Jaquez Lewis fears a ruling siding with Smith and the ramifications it would have across the country and in Longmont.

“If this ruling goes in her favor, then a business in Longmont could do the same thing, even though Colorado clearly has those laws, even though Boulder County has many of those laws, same thing with Longmont,” she said. “If the Supreme Court reaches out and supersedes what our community has set aside as the kind of life that we want to have here in Colorado … that will jump out into communities all across the county and into our community and say discrimination can now occur.”

Jaquez Lewis connects this court case to the anti-LGBTQ rhetoric that has grown more mainstream in recent years. She recalled a picture posted of her and four other LGBTQ members of the Colorado legislature captioned, “Meet Colorado’s newest groomers,” a buzzword of right-wing rhetoric targeting LGBTQ people.

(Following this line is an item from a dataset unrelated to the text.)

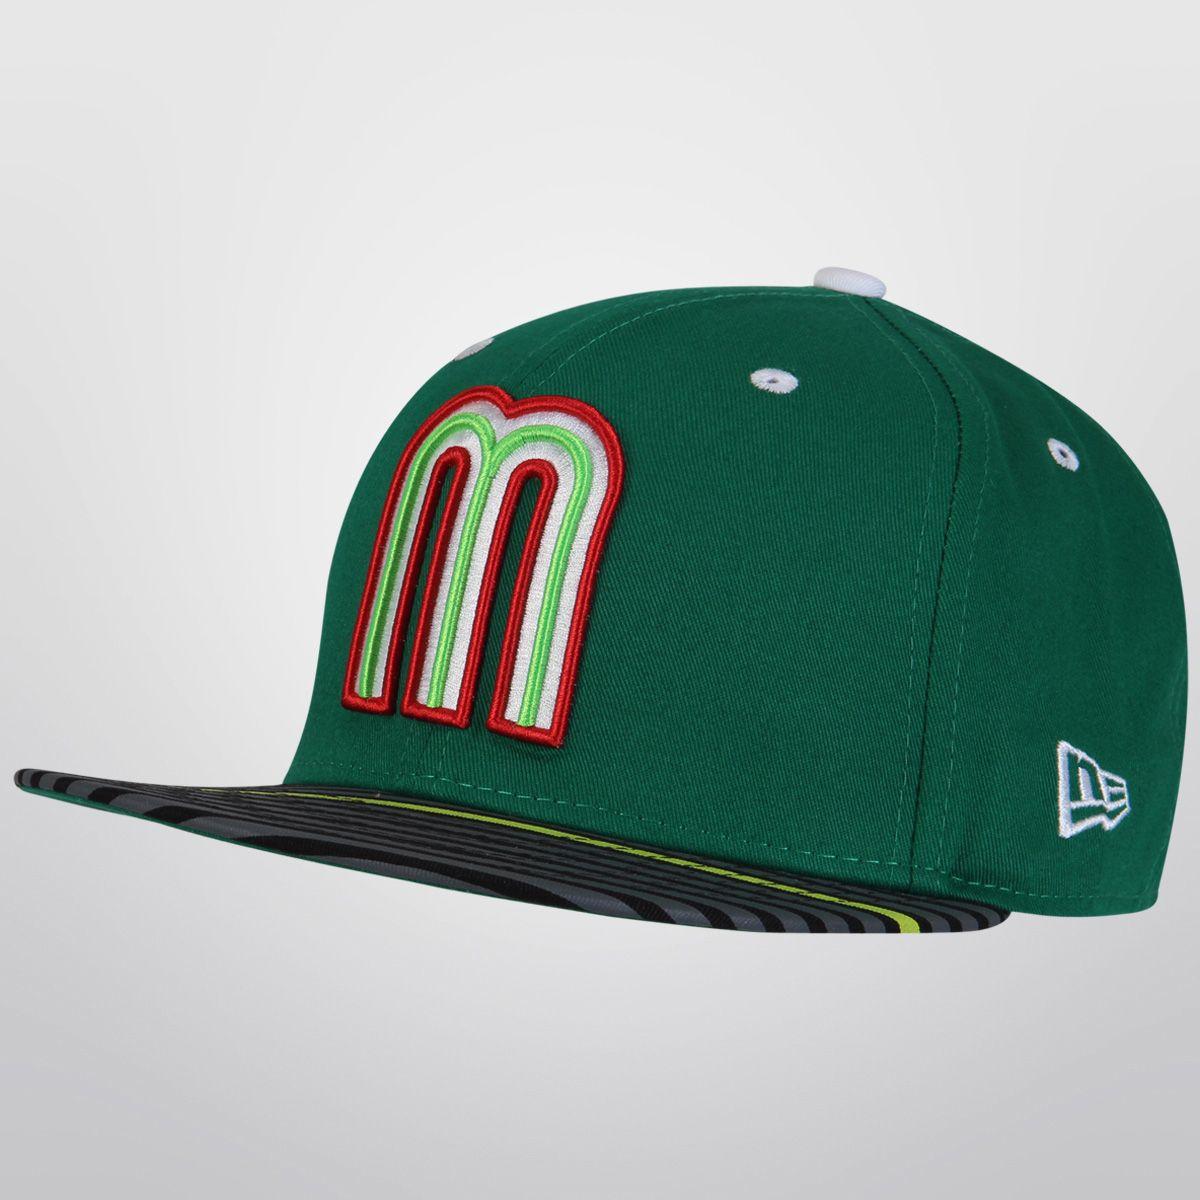 Demuestra tu afición por la selección mexicana con la Gorra New Era México  5950 Kelly Green ff3461a1816

“The clear meaning is these people should not be allowed to do what they’re doing, meaning we as elected officials should not be elected officials and, you know, someone should take action against us,” Jaquez Lewis said.

She notes that the hate speech that has arisen in the past several years connects directly to the threats, violence and now murders of the LGBTQ community, like the mass shooting last month at Club Q in Colorado Springs.

She fears that a Supreme Court ruling that allows people to discriminate against members of the LGBTQ community on religious grounds will sanction further hatred.

“If people think that this ruling, which we think is going to happen in this case, if people think that is not going to send a clear message to the homophobes, to the bigots, to the haters that hey, you can do it now, I don’t know what else would,” Jaquez Lewis said. “That’s the part that just really scares me.”

She sees this continued rhetoric as a sign that her work in the state is far from done. As a co-sponsor or prime sponsor of every LGBTQ bill that Colorado has had since 2019, the senator plans to keep fighting for more LGBTQ protections, like repealing the gay marriage ban still written into the state’s constitution.

“What can we do to try to mitigate, to try to lessen this hatred?” Jaquez Lewis said. “Because we know that it continues to perpetuate the bullying in schools and the violence that occurs in our communities. I think raising a light on it is really what’s needed.”